The study researchers hypothesized that insomnia complaints would predict the development of hypertension, particularly among black individuals. They cited a longitudinal analysis that revealed a link between short sleep and hypertension, as well as additional research indicating that objectively measured sleep durations are generally shorter among black individuals than among white individuals. The association between short sleep and hypertension, they suggested, could account for the increased prevalence of hypertension among black individuals.
In the current study, the investigators evaluated data for 1,419 older adults (mean age at baseline, 73.5 yrs) who participated in the community-based Cardiovascular Health Study and were free of hypertension at baseline. The analysis included 6 years of follow-up data for 150 black participants (10.6% of the cohort), 1,264 white participants, and 5 participants of American Indian/Alaskan, Asian/Pacific Islander, or other race.
Potential predictors of hypertension included difficulty initiating sleep, sleep continuity disturbance, early morning awakening, and difficulty initiating sleep combined with one or both of the other sleep complaints.
In a model that adjusted for age and education, early morning awakenings were associated with an increased risk of incident hypertension during follow-up among black men (relative risk [RR], 2.03; 0.99-4.16; P=.05), but this association was attenuated after additional adjustment for income, body mass index, smoking status, alcohol intake, forced expiratory volume (FEV1), coronary heart disease, diabetes stage, and height (RR, 1.89; 95% CI, 0.83-4.32; P=.13).
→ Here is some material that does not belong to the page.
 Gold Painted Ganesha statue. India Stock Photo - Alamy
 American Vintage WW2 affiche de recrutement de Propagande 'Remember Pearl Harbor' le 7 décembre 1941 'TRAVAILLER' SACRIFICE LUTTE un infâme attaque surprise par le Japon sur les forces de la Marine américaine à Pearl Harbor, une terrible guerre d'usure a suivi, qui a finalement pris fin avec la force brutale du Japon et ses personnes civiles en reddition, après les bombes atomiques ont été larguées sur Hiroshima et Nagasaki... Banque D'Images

None of the other sleep complaints was associated with hypertension in this group.
Among nonblack men, difficulty initiating sleep was actually associated with a reduced risk of hypertension in the fully adjusted model (RR, 0.47; 95% CI, 0.25-0.87). A similarly reduced risk of hypertension was observed among nonblack men who reported a combination of difficulty initiating sleep and sleep continuity disturbance and among nonblack men reporting all 3 insomnia symptoms.
Further adjustment for depression changed these estimates only slightly, the authors noted.
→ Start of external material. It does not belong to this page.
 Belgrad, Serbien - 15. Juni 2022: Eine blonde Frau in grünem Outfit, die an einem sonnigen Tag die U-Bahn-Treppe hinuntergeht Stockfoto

Among the women, none of the sleep complaints was significantly associated with hypertension in either race, although the researchers observed a trend toward an increased risk of hypertension among nonblack women who reported difficulty initiating sleep at baseline (fully adjusted RR, 1.23; 95% CI, 0.98-1.54; P=.08).
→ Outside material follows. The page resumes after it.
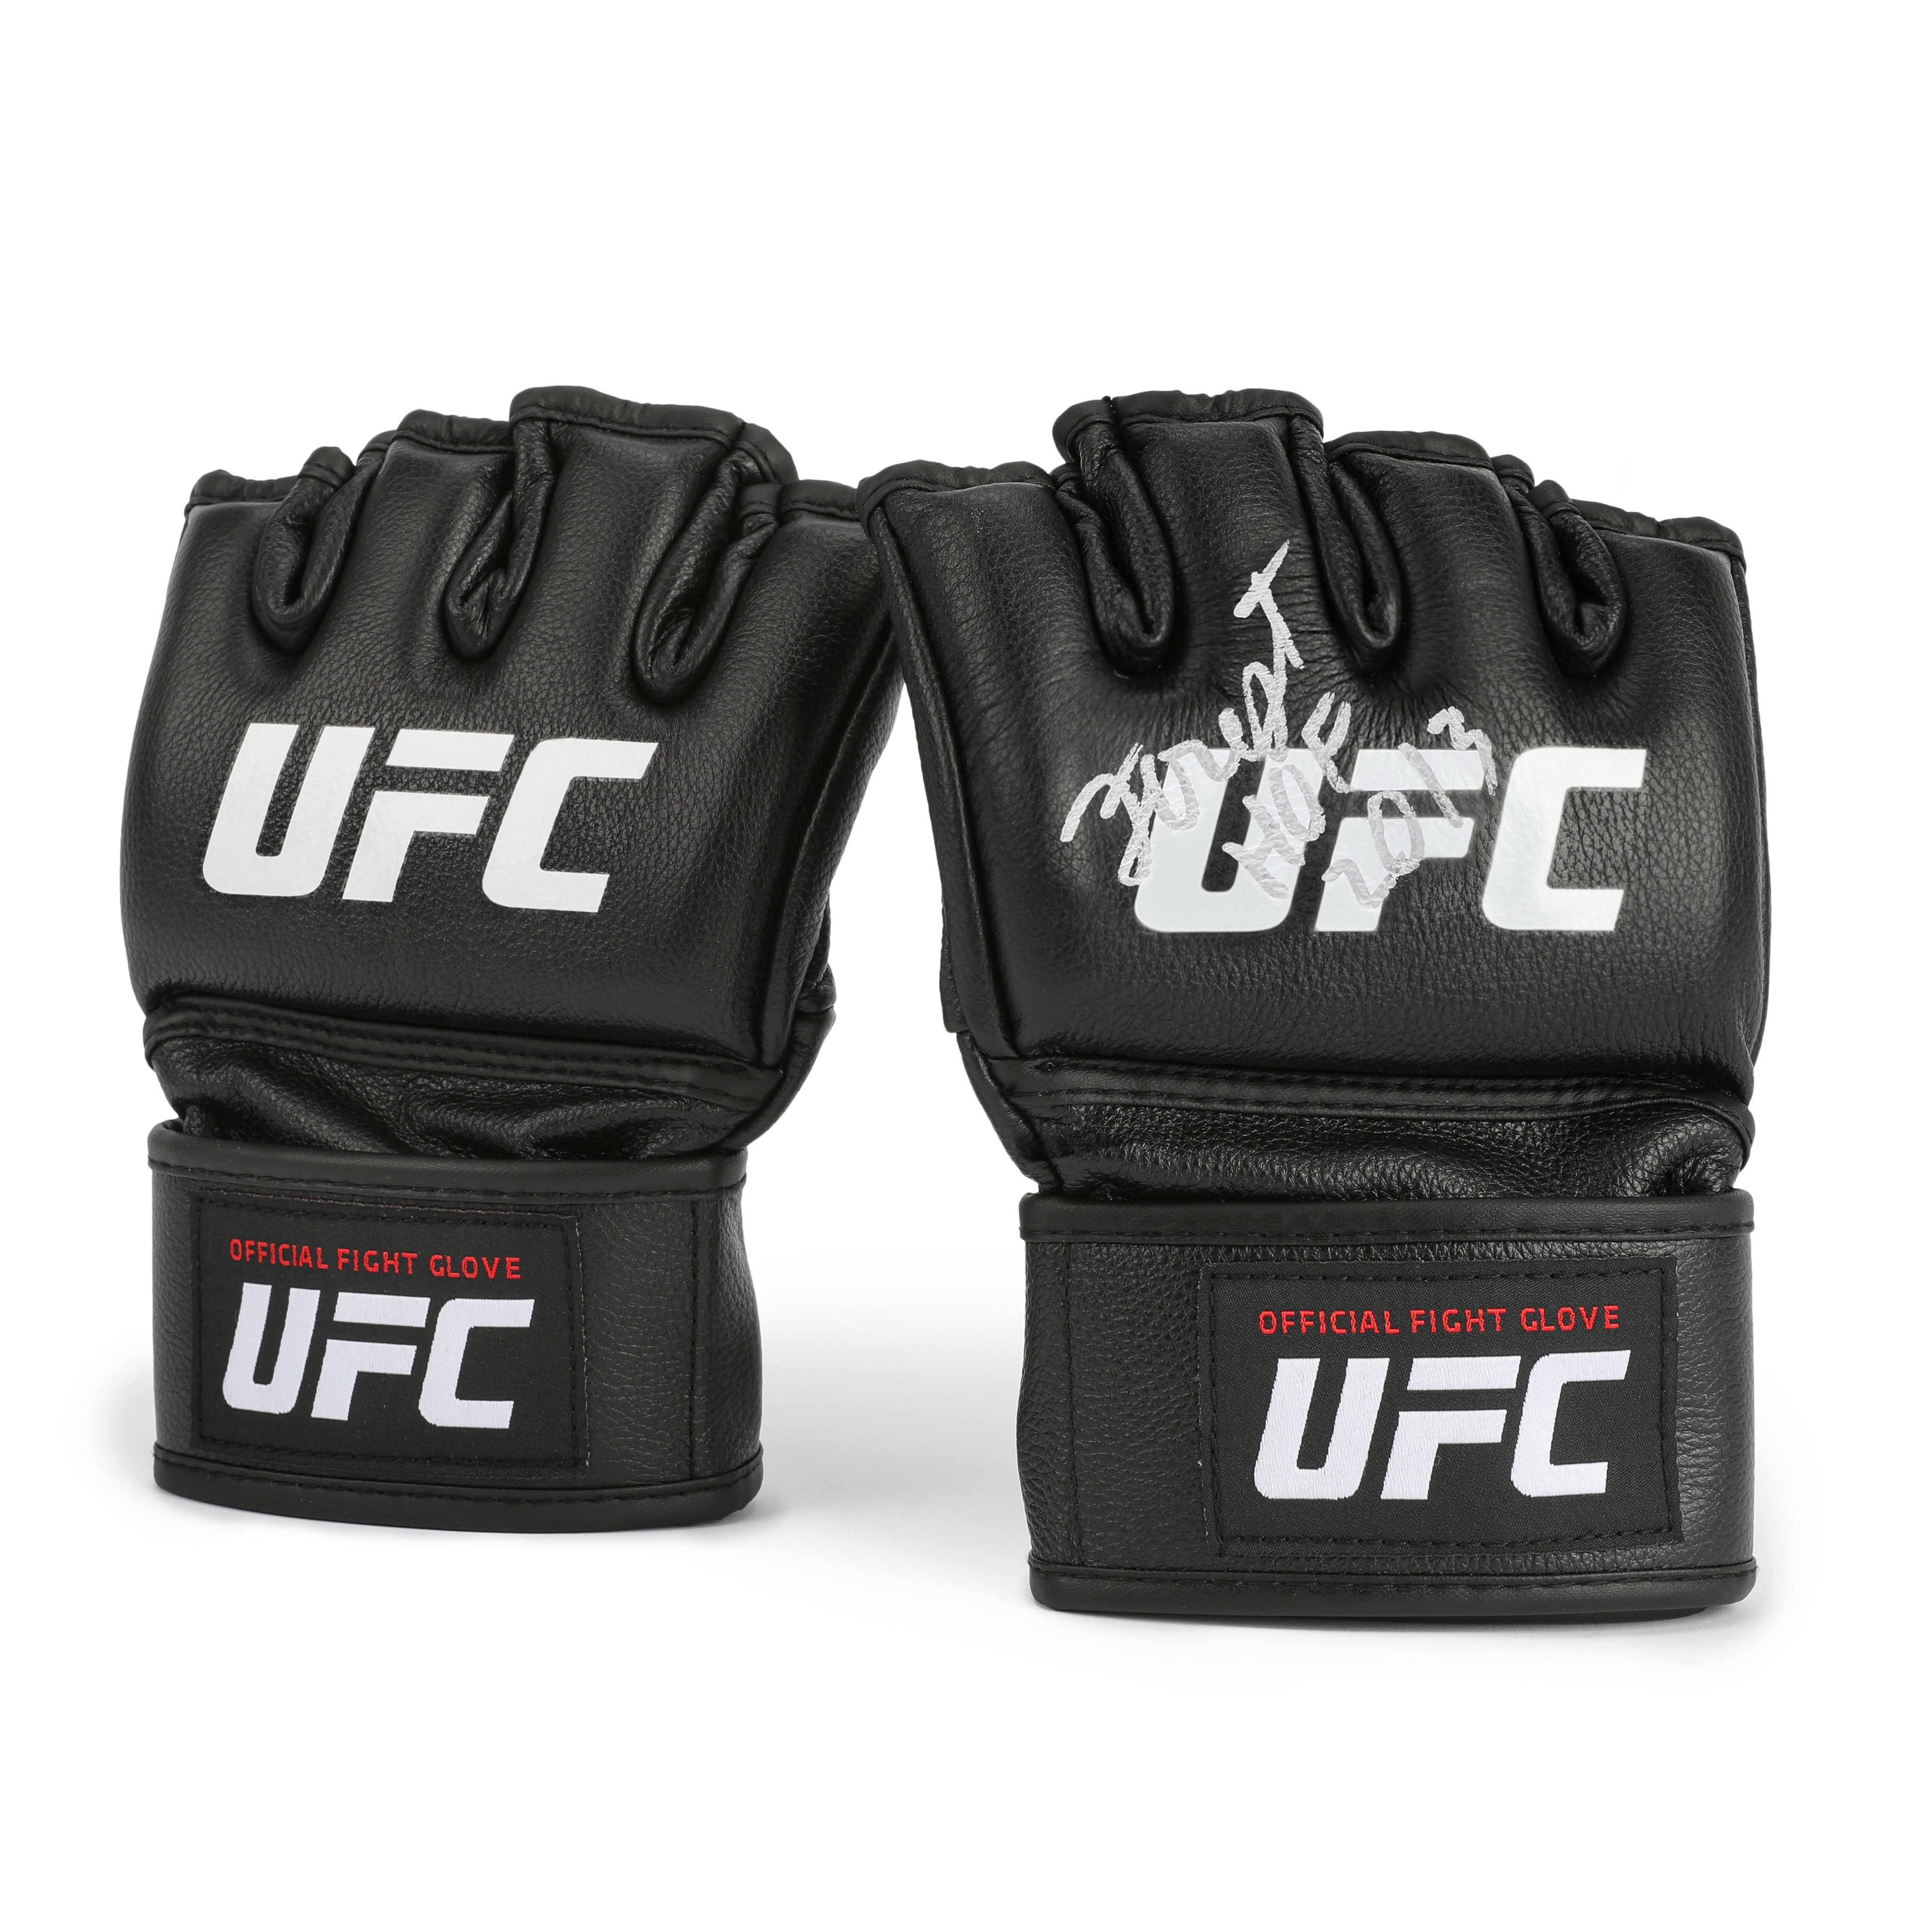 Forrest Griffin Signed Official UFC Gloves

"The lack of convincing correlation between insomnia complaints and incident hypertension contrasts with the consistent association between short sleep and hypertension and highlights the important distinction between insomnia and sleep restriction," the authors commented.
"There remains little strong evidence that insomnia is associated with any adverse outcome except for depression," they concluded. (Phillips B, et al.